[Intel-gfx] [RFC v2] drm/i915: Android native sync support

Sat Jan 24 08:08:32 PST 2015

On Sat, Jan 24, 2015 at 10:41:46AM +0100, Daniel Vetter wrote:
> On Fri, Jan 23, 2015 at 6:30 PM, Chris Wilson <chris at chris-wilson.co.uk> wrote:
> > On Fri, Jan 23, 2015 at 04:53:48PM +0100, Daniel Vetter wrote:
> >> Yeah that's kind the big behaviour difference (at least as I see it)
> >> between explicit sync and implicit sync:
> >> - with implicit sync the kernel attachs sync points/requests to buffers
> >>   and userspace just asks about idle/business of buffers. Synchronization
> >>   between different users is all handled behind userspace's back in the
> >>   kernel.
> >>
> >> - explicit sync attaches sync points to individual bits of work and makes
> >>   them explicit objects userspace can get at and pass around. Userspace
> >>   uses these separate things to inquire about when something is
> >>   done/idle/busy and has its own mapping between explicit sync objects and
> >>   the different pieces of memory affected by each. Synchronization between
> >>   different clients is handled explicitly by passing sync objects around
> >>   each time some rendering is done.
> >>
> >> The bigger driver for explicit sync (besides "nvidia likes it sooooo much
> >> that everyone uses it a lot") seems to be a) shitty gpu drivers without
> >> proper bo managers (*cough*android*cough*) and svm, where there's simply
> >> no buffer objects any more to attach sync information to.
> >
> > Actually, mesa would really like much finer granularity than at batch
> > boundaries. Having a sync object for a batch boundary itself is very meh
> > and not a substantive improvement on what it possible today, but being
> > able to convert the implicit sync into an explicit fence object is
> > interesting and lends a layer of abstraction that could make it more
> > versatile. Most importantly, it allows me to defer the overhead of fence
> > creation until I actually want to sleep on a completion. Also Jesse
> > originally supporting inserting fences inside a batch, which looked
> > interesting if impractical.
> 
> If want to allow the kernel to stall on fences (in e.g. the scheduler)
> only the kernel should be allowed to create fences imo. At least
> current fences assume that they _will_ signal eventually, and for i915
> fences we have the hangcheck to ensure this is the case. In-batch
> fences and lazy fence creation (beyond just delaying the fd allocation
> to avoid too many fds flying around) is therefore a no-go.

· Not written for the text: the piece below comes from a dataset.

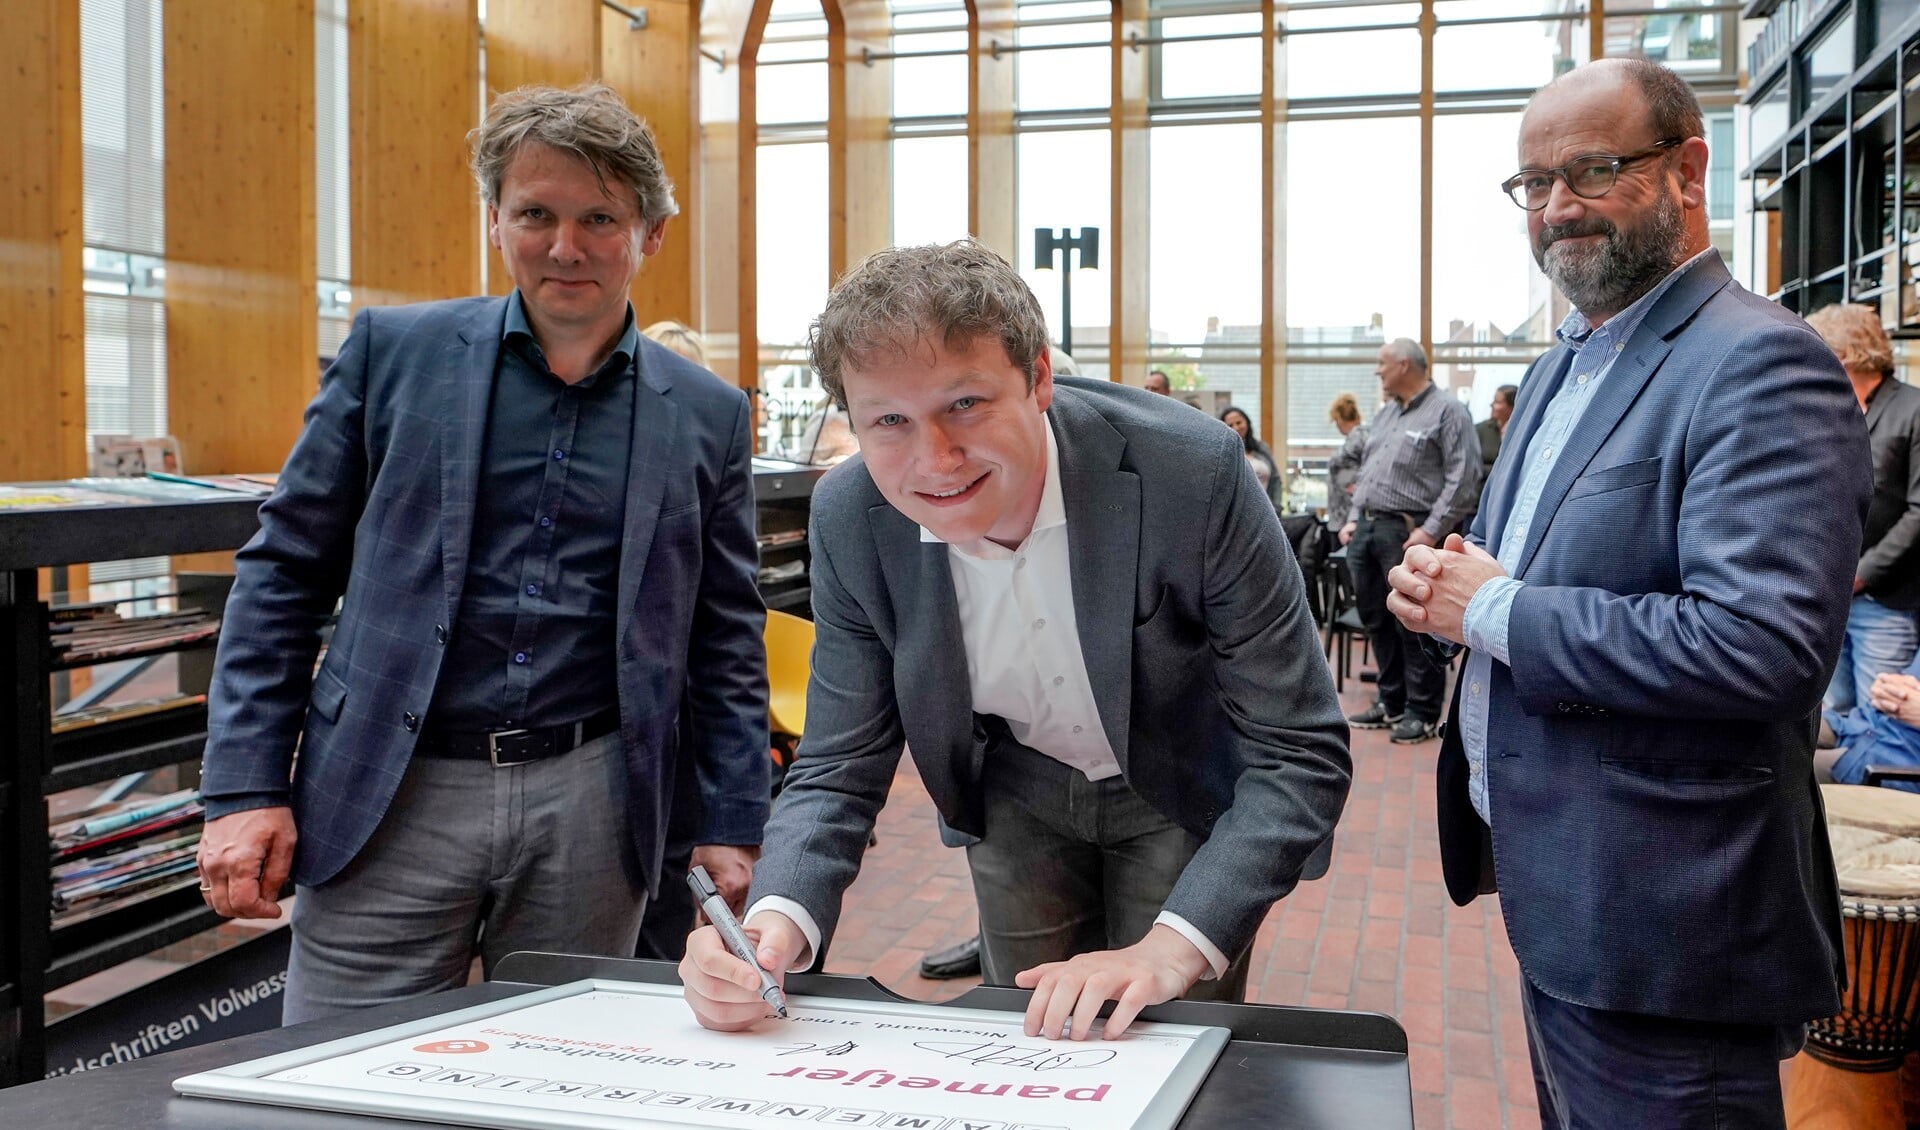 Wethouder Bal ondertekende namens de gemeente de samenwerkingsovereenkomst. Foto: Foto-OK.nl

Lazy fence creation (i.e. attaching a fence to a buffer) just means
creating the fd for an existing request (which is derived from the
fence). Or if the buffer is read or write idle, then you just create the
fence as already-signaled. And yes, it is just to avoid the death by a
thousand file descriptors and especially creating one every batch.

> For that kind of fine-grained sync between gpu and cpu workloads the
> solutions thus far (at least what I've seen) is just busy-looping.
> Usually those workloads have a few order more sync pionts than frames
> we tend to render, so blocking isn't terrible efficient anyway.

Heck, I think a full-fledged fence fd per batch is still more overhead
than I want.
-Chris

-- 
Chris Wilson, Intel Open Source Technology Centre